-------- MATERIAL TO PROCESS --------

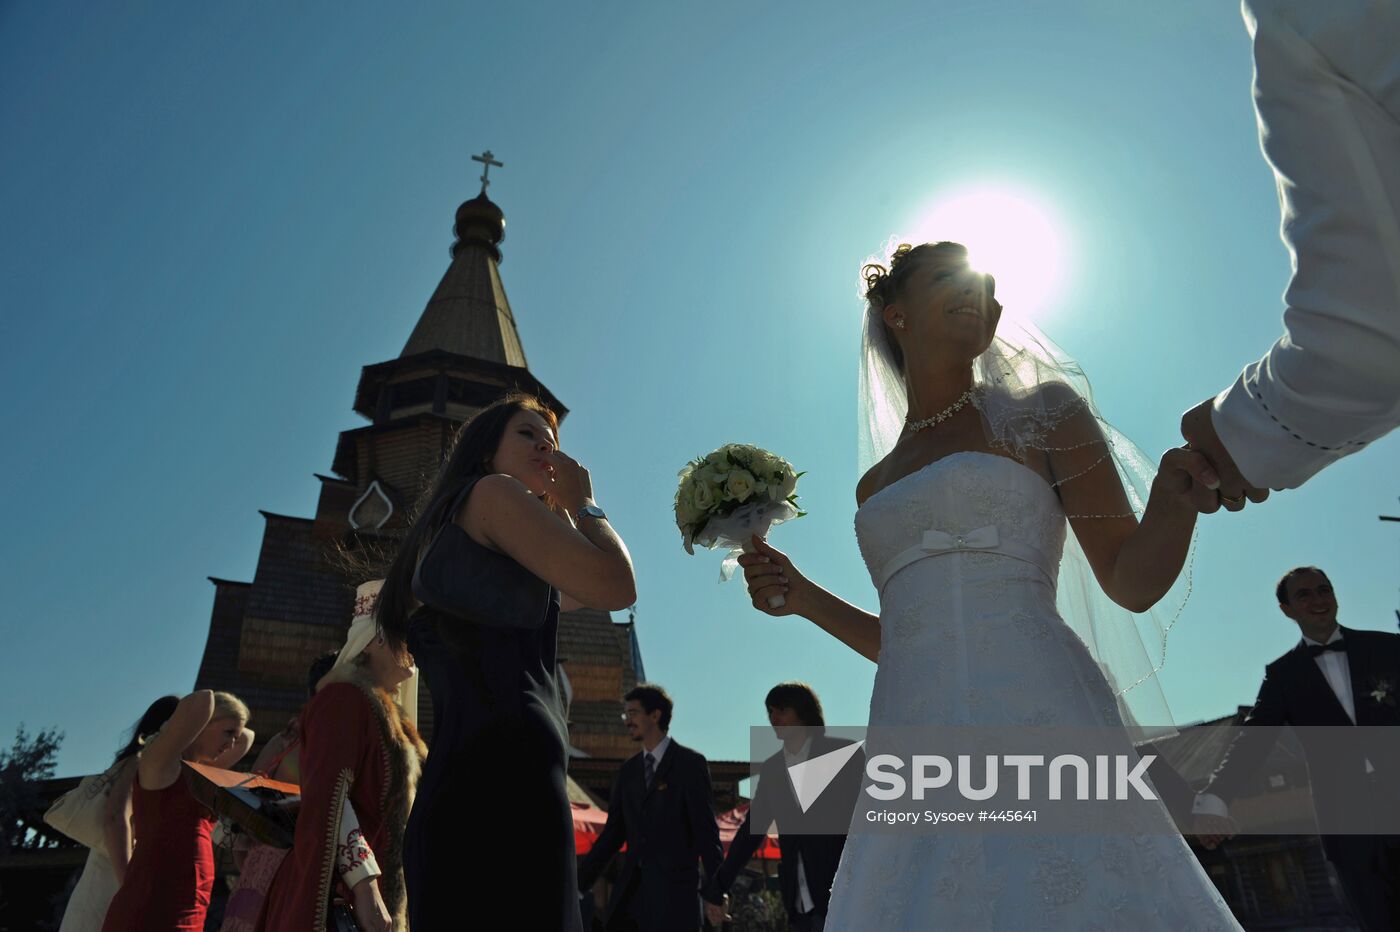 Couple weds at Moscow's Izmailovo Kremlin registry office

--------
-------- MATERIAL TO PROCESS --------

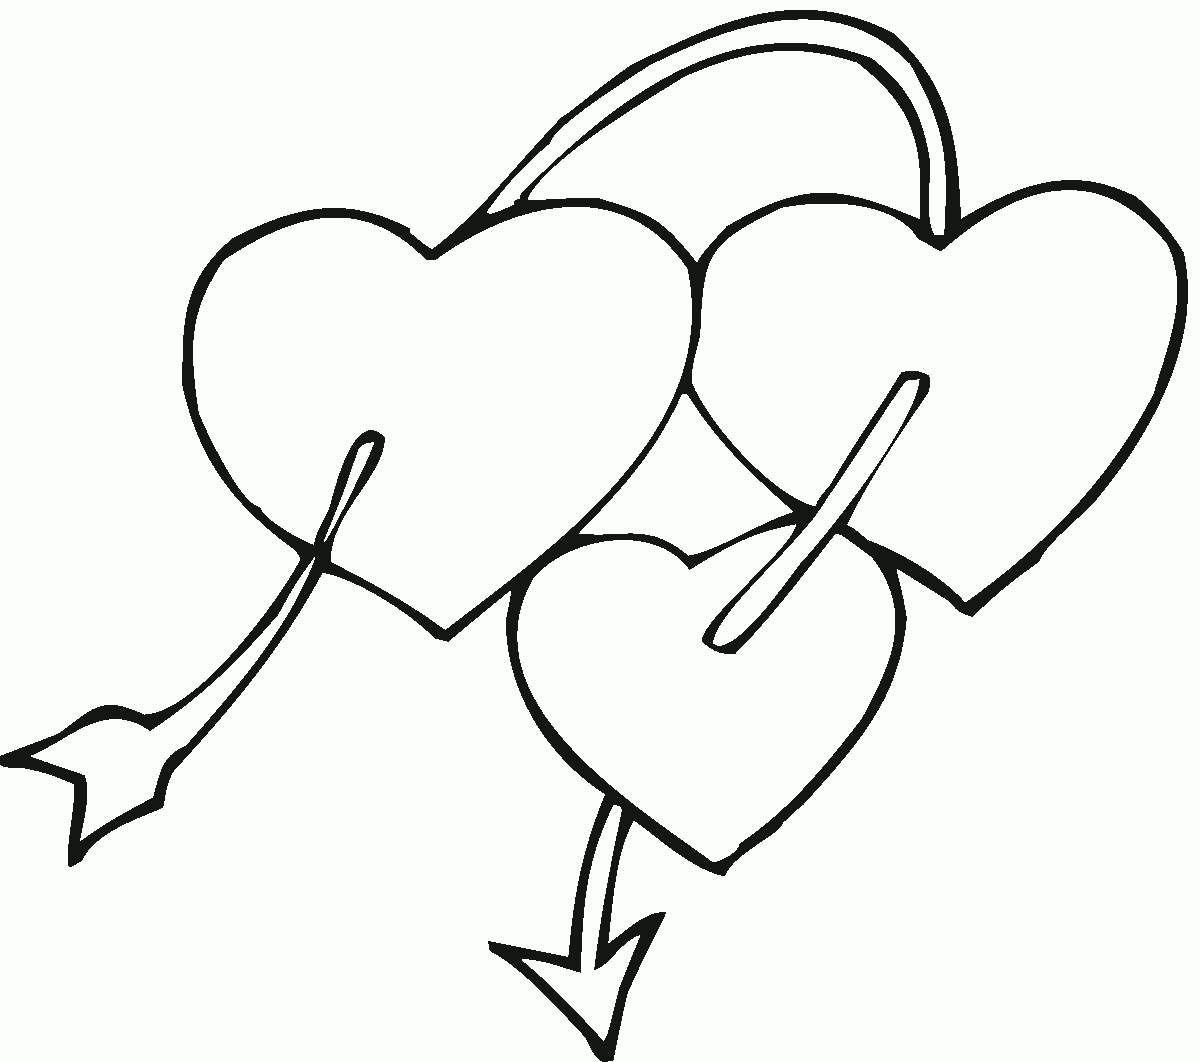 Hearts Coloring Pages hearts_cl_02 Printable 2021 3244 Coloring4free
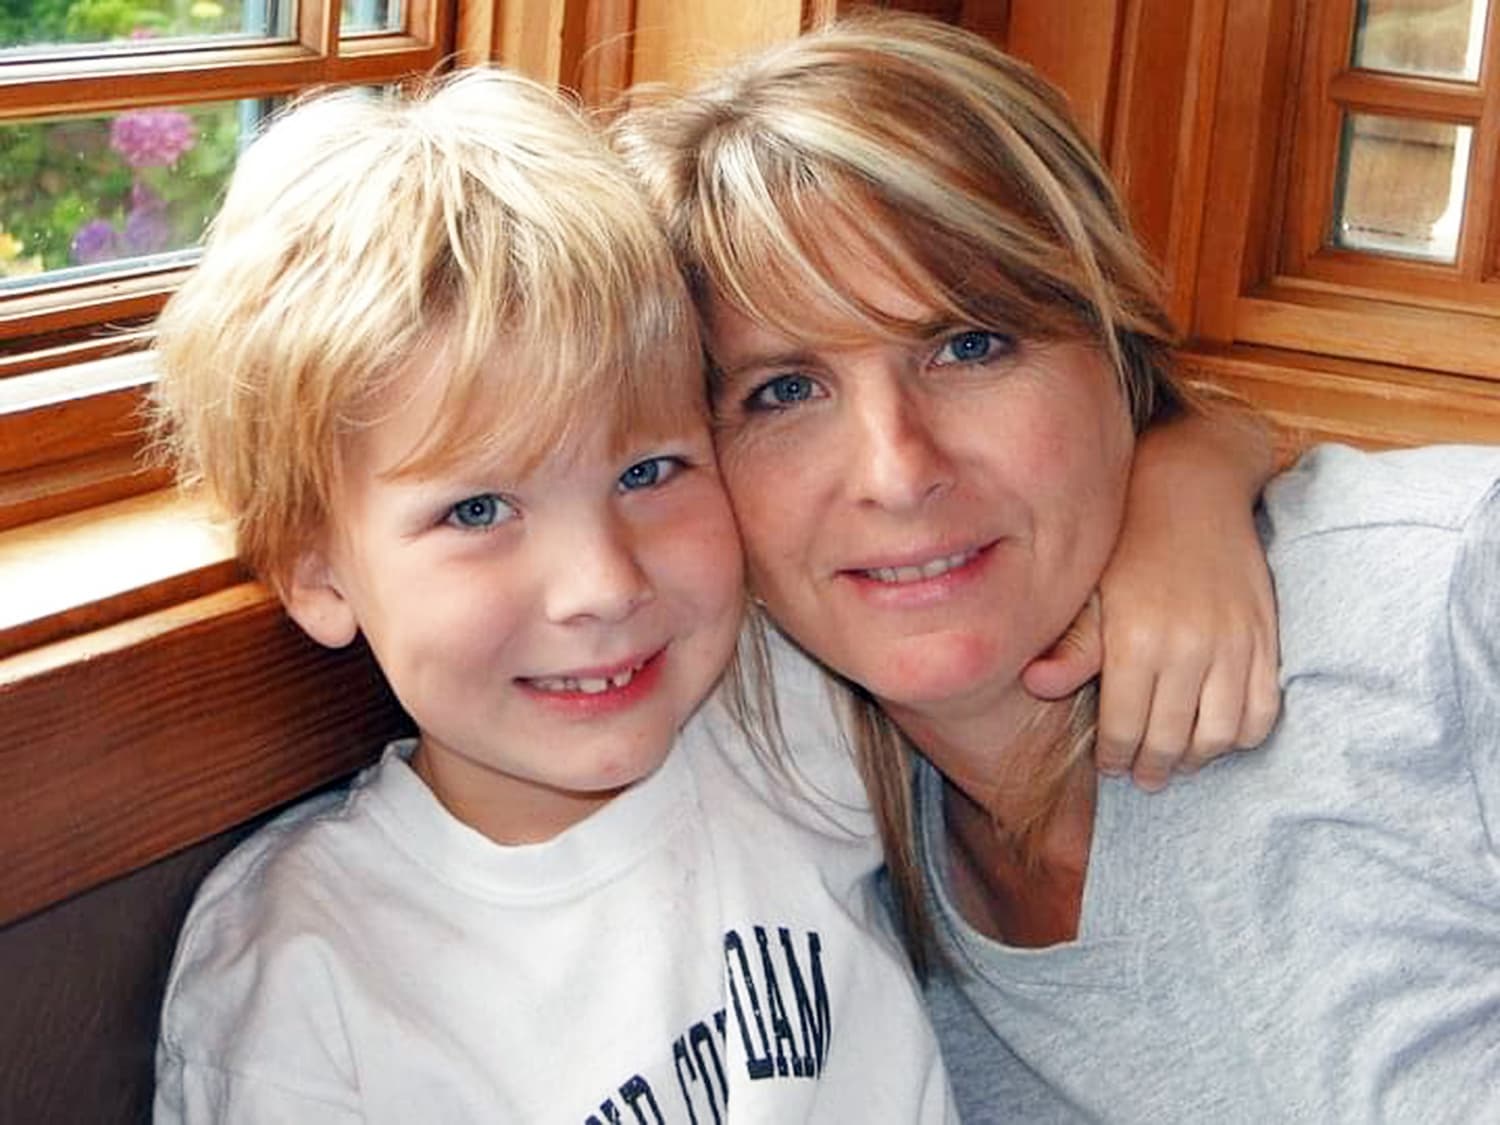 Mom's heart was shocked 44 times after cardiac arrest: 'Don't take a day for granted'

--------
-------- MATERIAL TO PROCESS --------

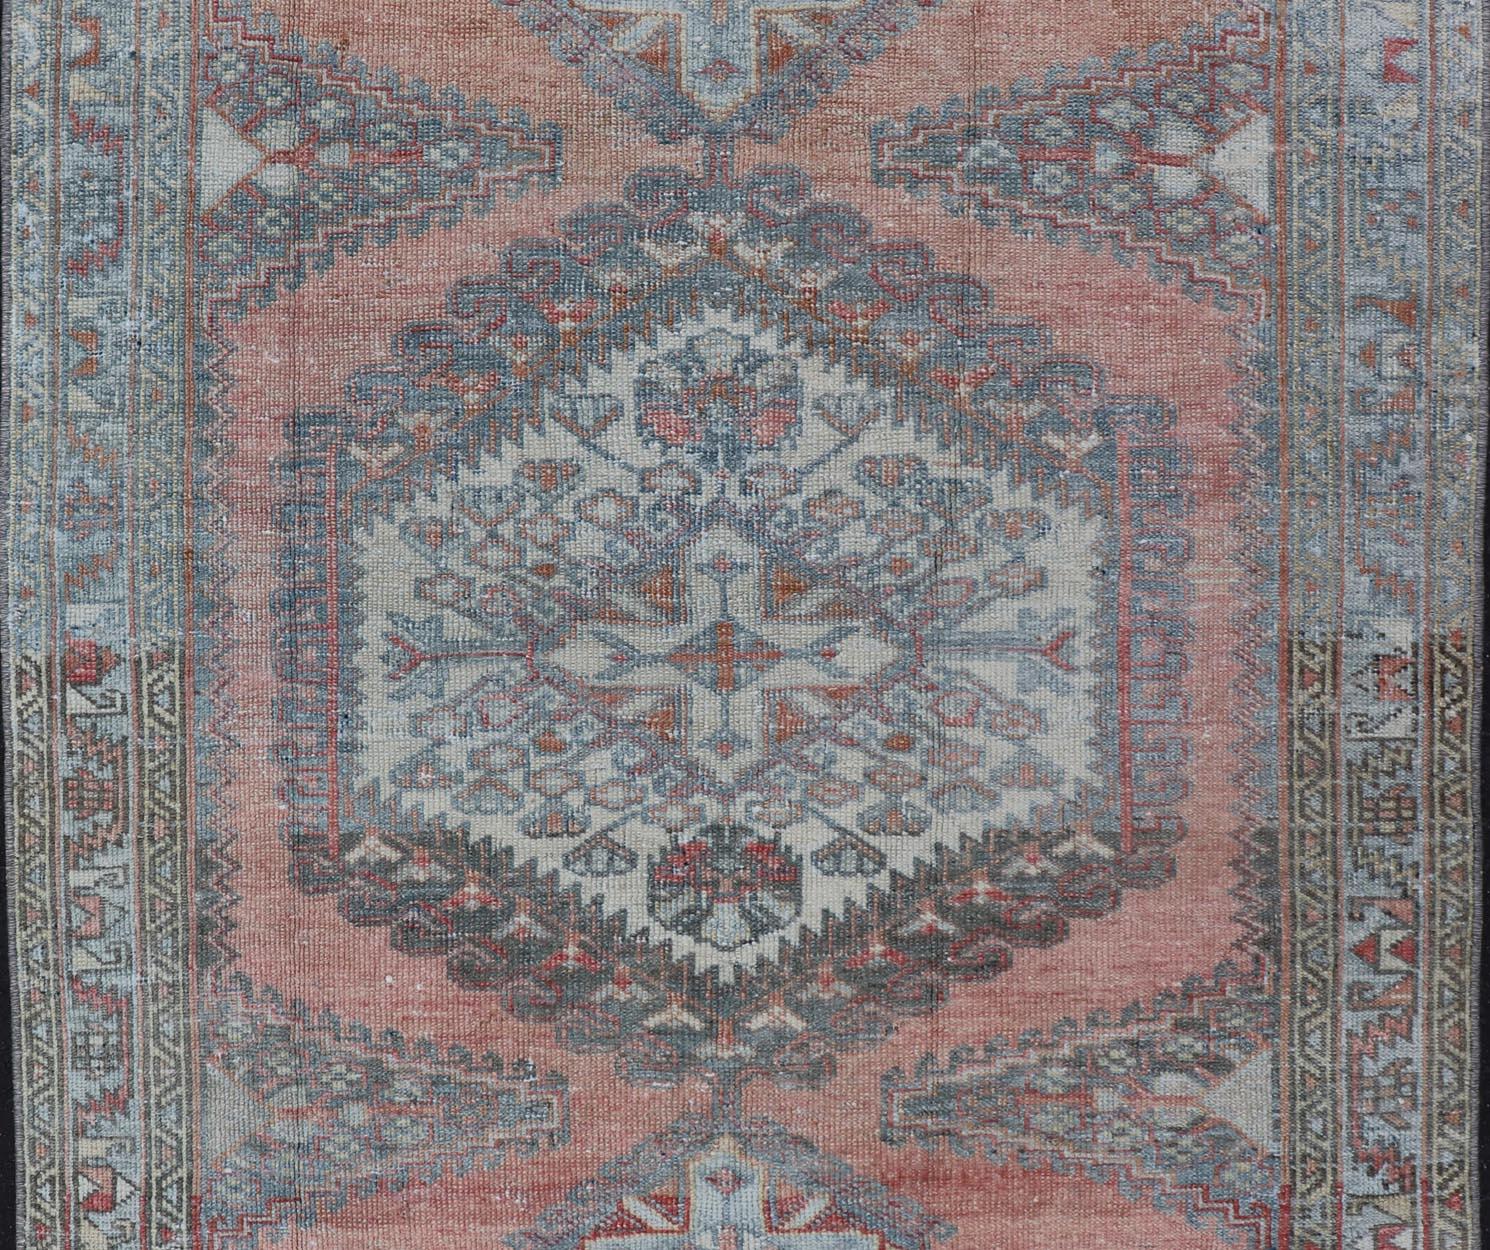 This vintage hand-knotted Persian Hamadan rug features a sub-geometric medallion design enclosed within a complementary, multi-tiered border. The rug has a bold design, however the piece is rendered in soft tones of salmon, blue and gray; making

--------

### ACTION ITEM
Above are records; repeat only the lines from the line with "Hearts Coloring Pages" through the line with "Mom's heart was", and leave pictures out.

### ANSWER SPACE
 Hearts Coloring Pages hearts_cl_02 Printable 2021 3244 Coloring4free
 Mom's heart was shocked 44 times after cardiac arrest: 'Don't take a day for granted'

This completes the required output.